Migration puts serious pressure on Tarawa, the capital of Kiribati. The unemployment rate is sky-high. Only a third of the households have toilets. Many residents defecate in the lagoon, which has made its fish inedible and polluted the ground water. Diseases such as tuberculosis and leprosy are gaining ground and there is a serious threat of a cholera outbreak. Overpopulation has made South Tarawa especially vulnerable to rising sea levels. However, it has also become a push factor for emigration.

Mela Mataunitoga's house, in Naviavia.

Ioane Teitiota, 39, frequently blinks, as if something irritates his eyes, or he is trying to push back tears. Five days earlier he had been deported from New Zealand. In two days' time, his wife, Angua Erika, and their three children will return, too.

Ioane Teitiota

"We don't have money or jobs," he says. "It's OK for my wife and I; we grew up here, we can manage. What I worry about is our kids."

The Teitiotas have become known as "the world's first climate refugees". Even though they left Kiribati for economic reasons, mainly unemployment, intermittent flooding was part of their lives before they moved. In 2007, the couple successfully applied for a three-year work visa in New Zealand; they cashed in Erika's retirement fund and flew to Auckland. Teitiota got a job as a fruit picker, Erika at a nursing home. They had children in quick succession. Everything was great until December 2011, when Teitiota was stopped by police for a broken taillight and they found that he had overstayed his visa.

New Zealand offers migrant workers a 42-day grace period after their visa expires, during which it is possible to apply for an extension of stay on humanitarian grounds; the couple would have had a strong case - the child mortality rate is almost 10 times higher in Kiribati than New Zealand - but the deadline had already passed.

Instead, their lawyer chose another tack: he applied for asylum due to the threat of climate change.

The case garnered global attention, even though experts quickly dismissed their chance of success. International law defines a refugee as someone who, there are reasonable grounds to believe, will be persecuted due to their race, religion, nationality, political affiliation or membership of a certain social group. There is no provision for a threat from climate change.

Fish is a staple diet for the people of Kiribati but stocks are falling.

Antonio Guterres, head of the UN High Commissioner for Refugees, has said climate emigrants exist in a "legal void". The Teitiotas fell right into that chasm.

"Since I returned I've just stayed at home, I'm afraid to go out," says Teitiota, with a timid smile. "Many people hate me for what I've said about Kiribati. That life here isn't good. But I stand by it.
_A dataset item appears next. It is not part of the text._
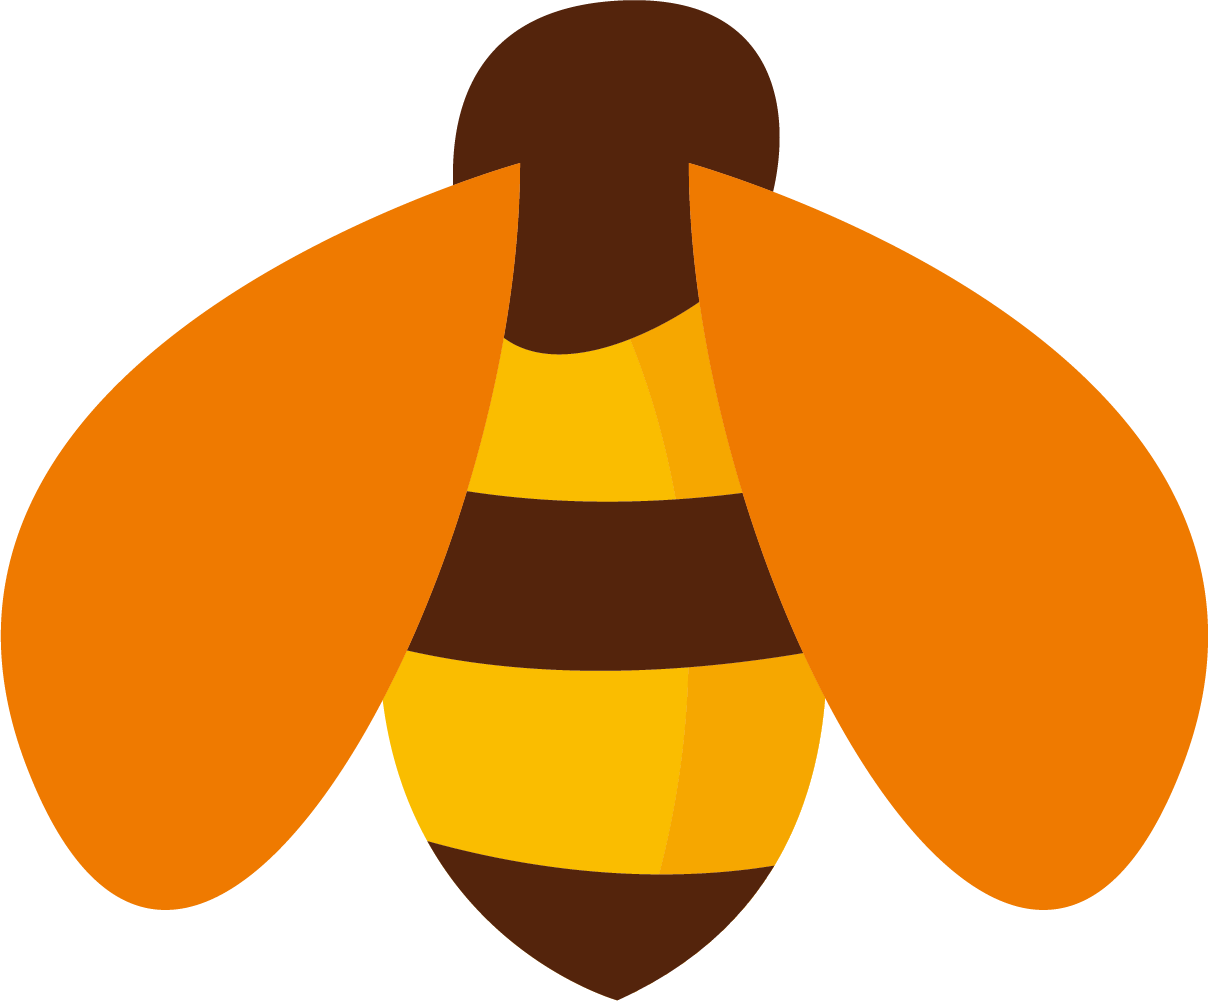 Apitoxin Apidae Honey Bee - Apitoxin (1208x1001)
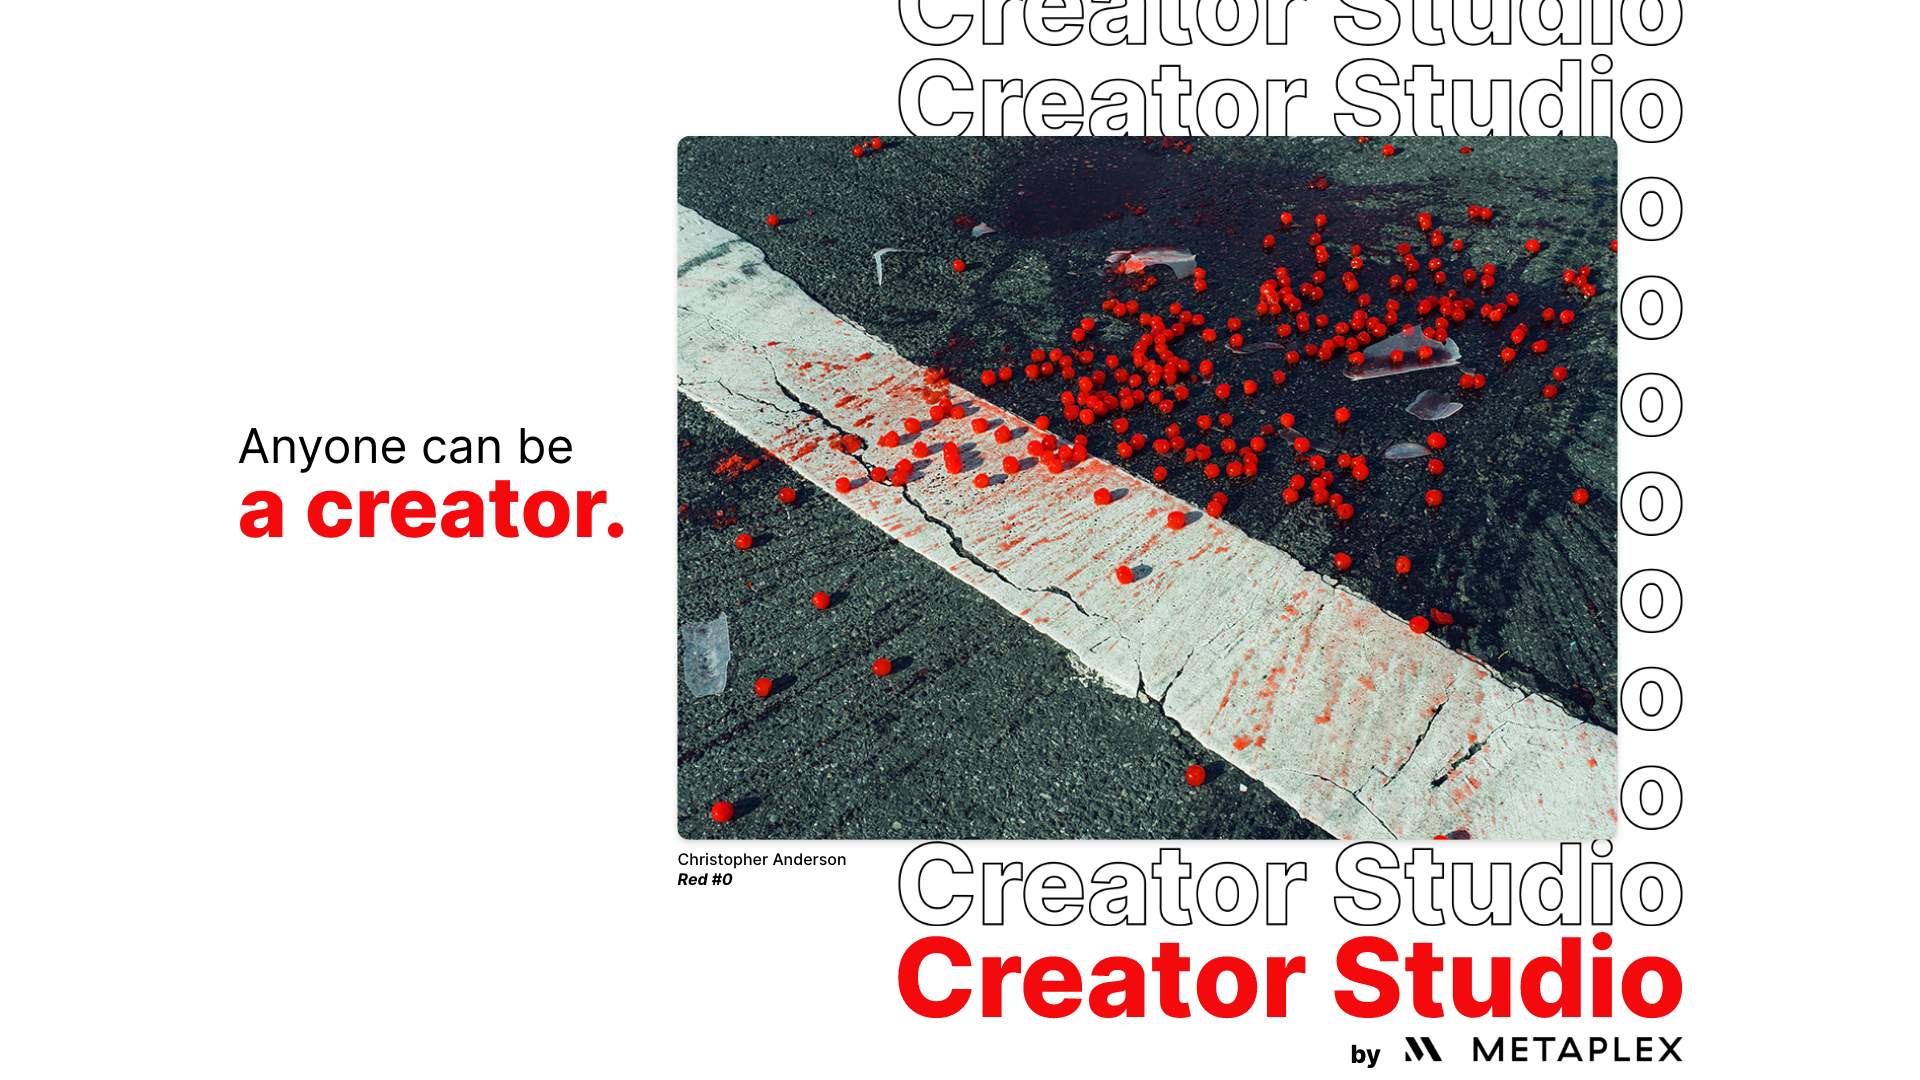 CURRENTLY WORKING ON: Metaplex Creator Studio / Identity, Branding, UX

It's no lie."

Indeed, one of President Anote Tong's key policies is to facilitate emigration - his administration, however, diplomatically calls this "migration with dignity".

"Our strategy is to help people become productive citizens in other countries," says Rimon. "No one wants to become a helpless refugee."

Besides building seawalls, planting mangrove trees and collecting rainwater, the government and their international development partners are trying to up-skill the I-Kiribati, as the population is called. Budding plumbers, carpenters and electricians are offered additional training in Fiji, which is made of tall volcanic islands, and therefore not as vulnerable as Kiribati. At the New Zealand-supported Marine Training Centre in Kiribati, the country's large cadre of seamen is being equipped to ascend to the rank of officers. And every year Australia accepts 30 student nurses.

Critics argue that this strategy leads to a brain drain for Kiribati. But Jane McAdam, director of the University of New South Wales' centre for international refugee law, in Australia, thinks it is a sound and practical policy.

Sade Marika, the village elder of Naviavia.

"If a sufficient amount of people move, the pressure on Tarawa's resources will decrease," she says. "Throughout history, migration has also shown good effects on the country of origin due to remittances back home."

Local strategies such as "migration with dignity" receive praise because the process to legislate climate migration has proven so cumbersome. Many countries, however, vehemently object to viewing migration as a solution.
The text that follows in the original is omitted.